Saturday, September 25th

It began on the eve of a severe Alaskan snowstorm. Two men stepped out of their four-wheel-drive vehicle into the freezing night. Pausing under a glary streetlight to check their watches, they carefully slid fully loaded. 45 SIG-Sauer semiautomatic pistols into the pockets of their down jackets.

Seemingly alone, the men looked up and down the block, crossed the street, and entered one of Anchorage's sleaziest biker bars.

The man watching all of this from the room above the bar checked his watch. It was exactly eleven fifty-five p.m.

The late-night crowd in the High Horse Saloon was a touchy mix of bikers, fishermen, and oil-field roughnecks. One of the scruffier patrons, Henry Lightstone, sat by himself at a small corner table.

"Get you a cold one?"

Lightstone put his hand over his glass and shook the waitress off as he watched two men enter the bar through the double doors. He wouldn't have given them more than a casual glance if one of them hadn't looked like a cop.

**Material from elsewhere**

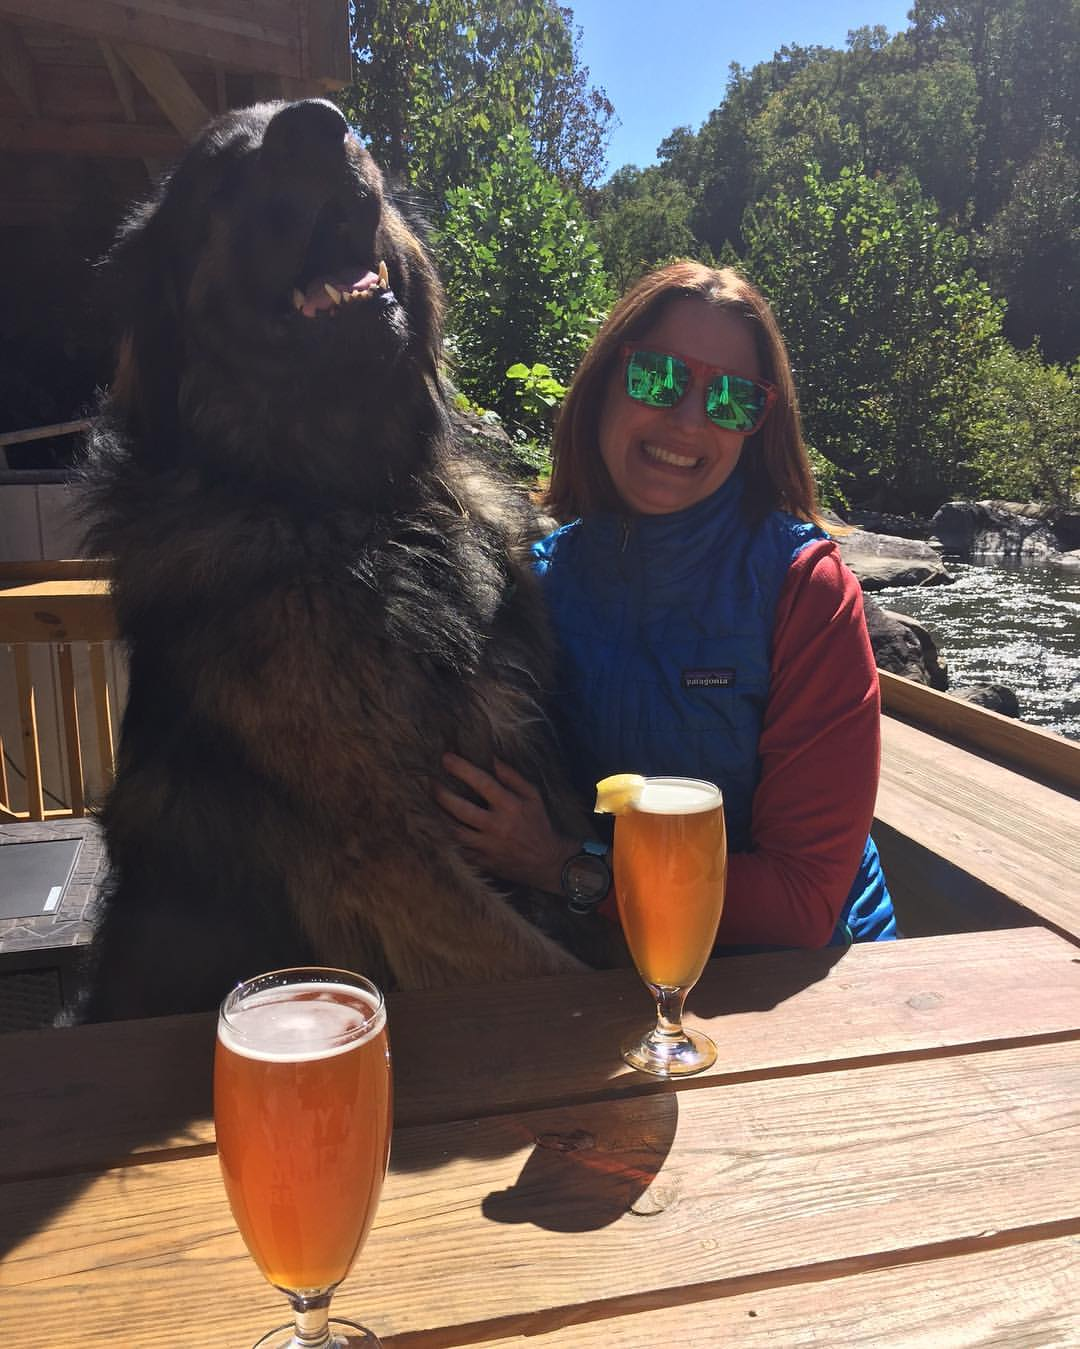 A dogs life in asheville mountain merch img4065 145707958539007980802135460259839508509539o fullsizerender solutioingenieria Choice Image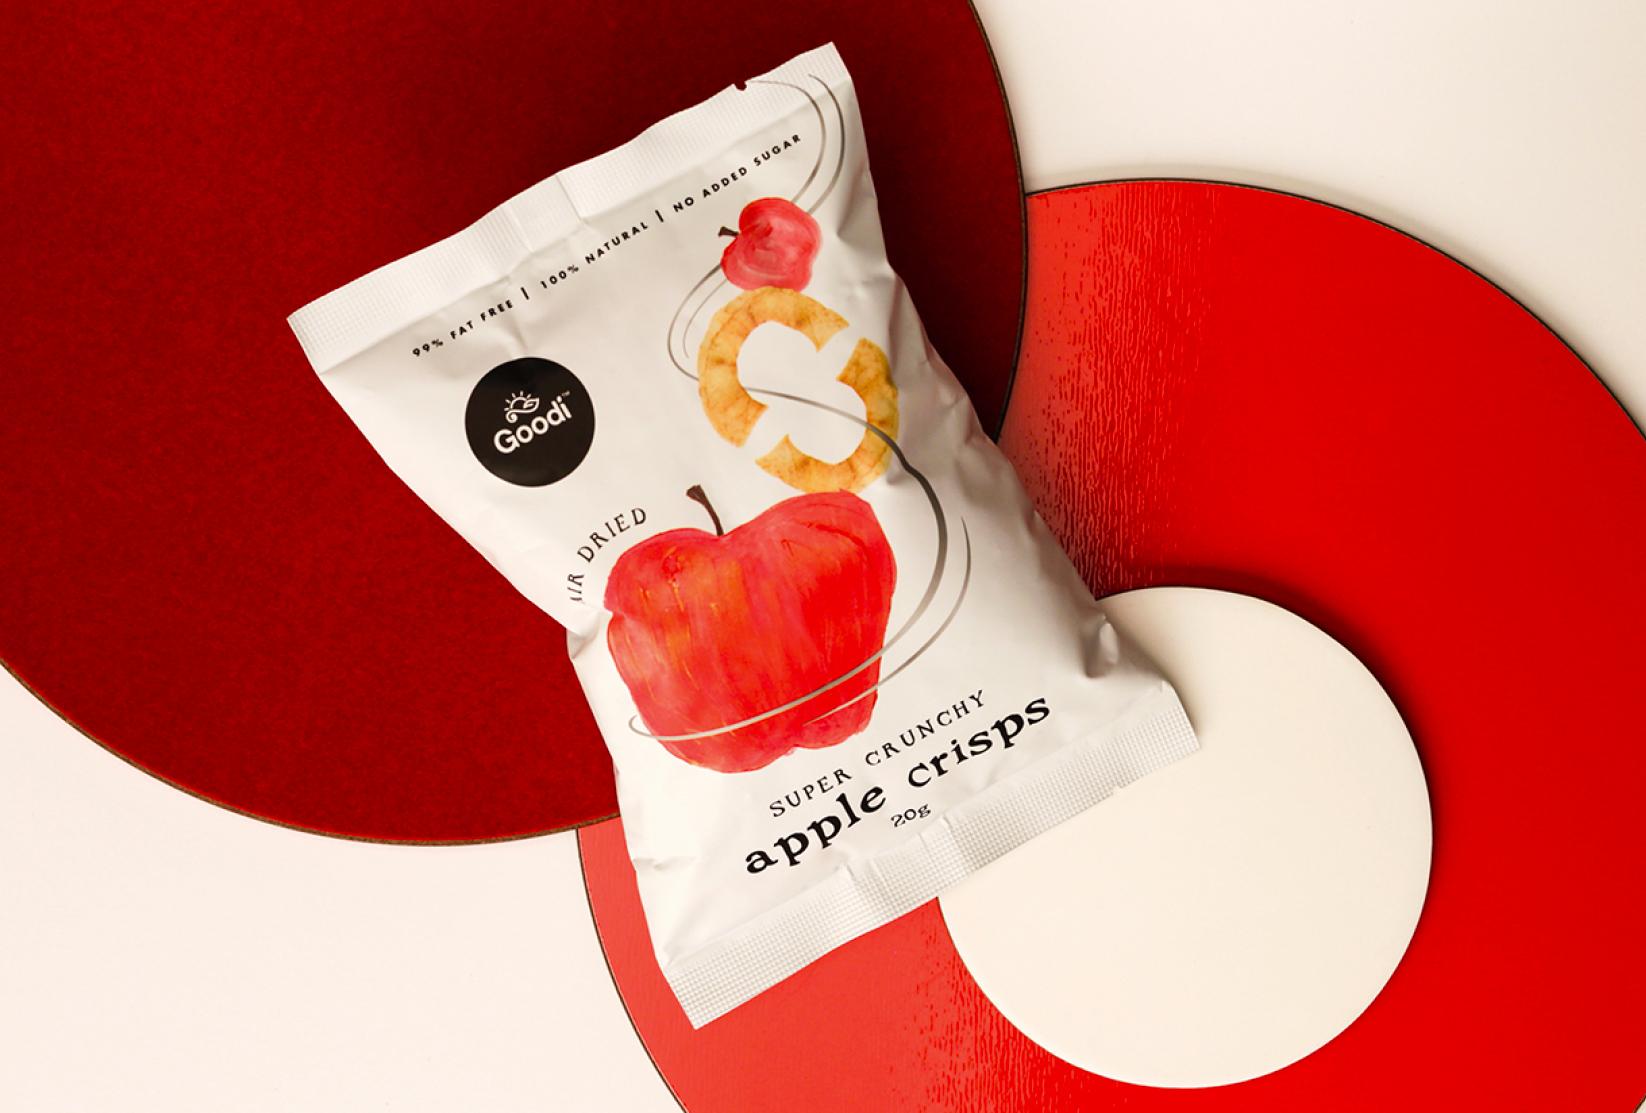 Goodi Apple Crisps

A cop was the last person that Henry Lightstone wanted to see right now.

He glanced down at his watch again-eleven fifty-six. He had planned that in four minutes he would resolve the problem that had been plaguing him for three months. Now he had only two options: stay in the bar and risk getting trapped in an arrest, or leave immediately-and flush six weeks of work down the toilet.

The two newcomers walked over to a wall table, pulled off their heavy jackets and tossed them onto an empty chair. They ordered drinks from a waitress as they sat down.

Henry Lightstone leaned his chair back against the corner wall and draped his long arms across the wooden armrests, trying to look like a man who was working on his fifth or sixth beer of the evening instead of his second.

Come on, he muttered to himself, somebody do something.

Two minutes to go.

The waitress returned with the beers and a basket of the bar's notoriously stale popcorn. The man who looked like a cop pulled two folded bills out of his shirt pocket, tossed them onto her tray, then turned his attention back to his companion.

Lightstone watched the stunned waitress stare at the money. She hurriedly stuffed one of the bills into her low-cut tank top before returning to the bar.

Two twenties, Lightstone told himself. Four beers would have been twelve, and he didn't figure she would skim tips for a lousy five or ten.

Throwaway money. A technique used by insecure people trying to make an impression. Unfortunately, it was also a trick that undercover cops used to throw people off.

Henry Lightstone let his eyes drift slowly around the smoke-filled room. He half expected to see a five- or six-man raid team taking up positions near the rear exit, but the doors were clear.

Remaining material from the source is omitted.